Run SFT with NeMo Launcher

Please refer to the Launcher Guide section to understand the basics of NeMo Launcher.

  1. To run SFT update conf/config.yaml:

    defaults:
      - fine: mamba/finetune
    
    stages:
      - finetune
    
  2. Execute the launcher pipeline: python3 main.py

Configure Fine-Tuning

You can find the default configurations for fine-tuning with the squad in conf/fine_tuning/mamba/sft.yaml. Fine-tuning configuration is divided into four sections run, trainer, exp_manger, and model.
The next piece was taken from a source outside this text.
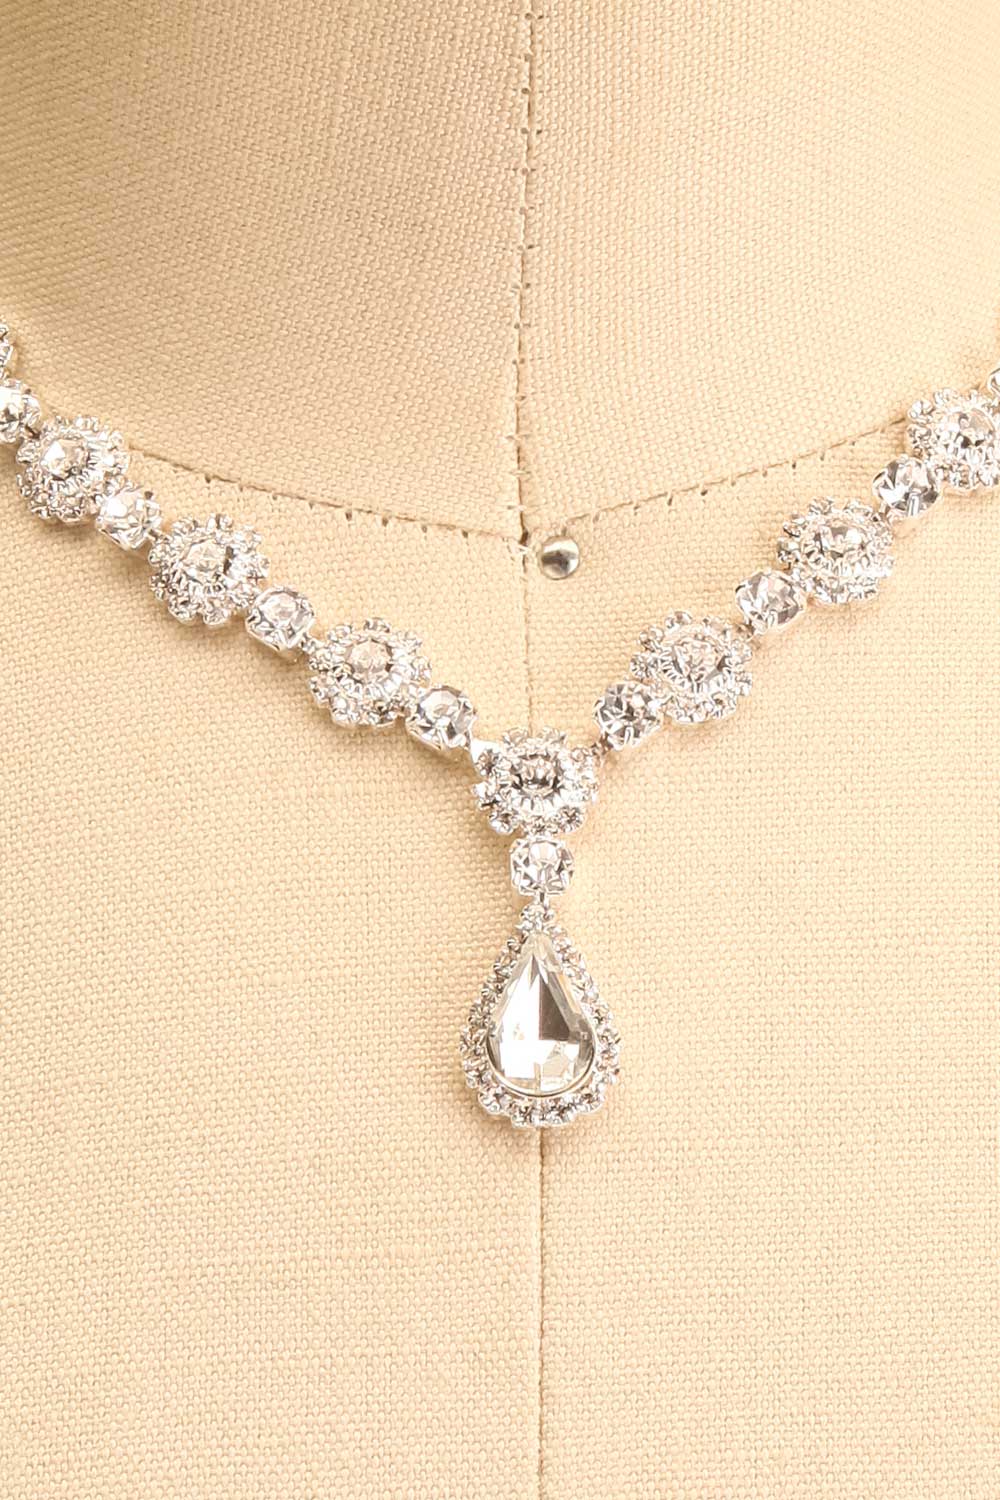 Radelle Silver Necklace w/ Crystal Pendant | Boutique 1861 close-up

  1. Set the run parameters:

    run:
        name: sft_mamba
        results_dir: ${base_results_dir}/${fine_tuning.run.name}
        time_limit: "04:00:00"
        dependency: "singleton"
    
  2. Set the number of devices for fine-tuning:

    trainer:
      num_nodes: 1
      devices: 8
    
    model:
      restore_from_path: <path to .nemo model>
    

    restore_from_path sets the path to the .nemo checkpoint to run fine-tuning.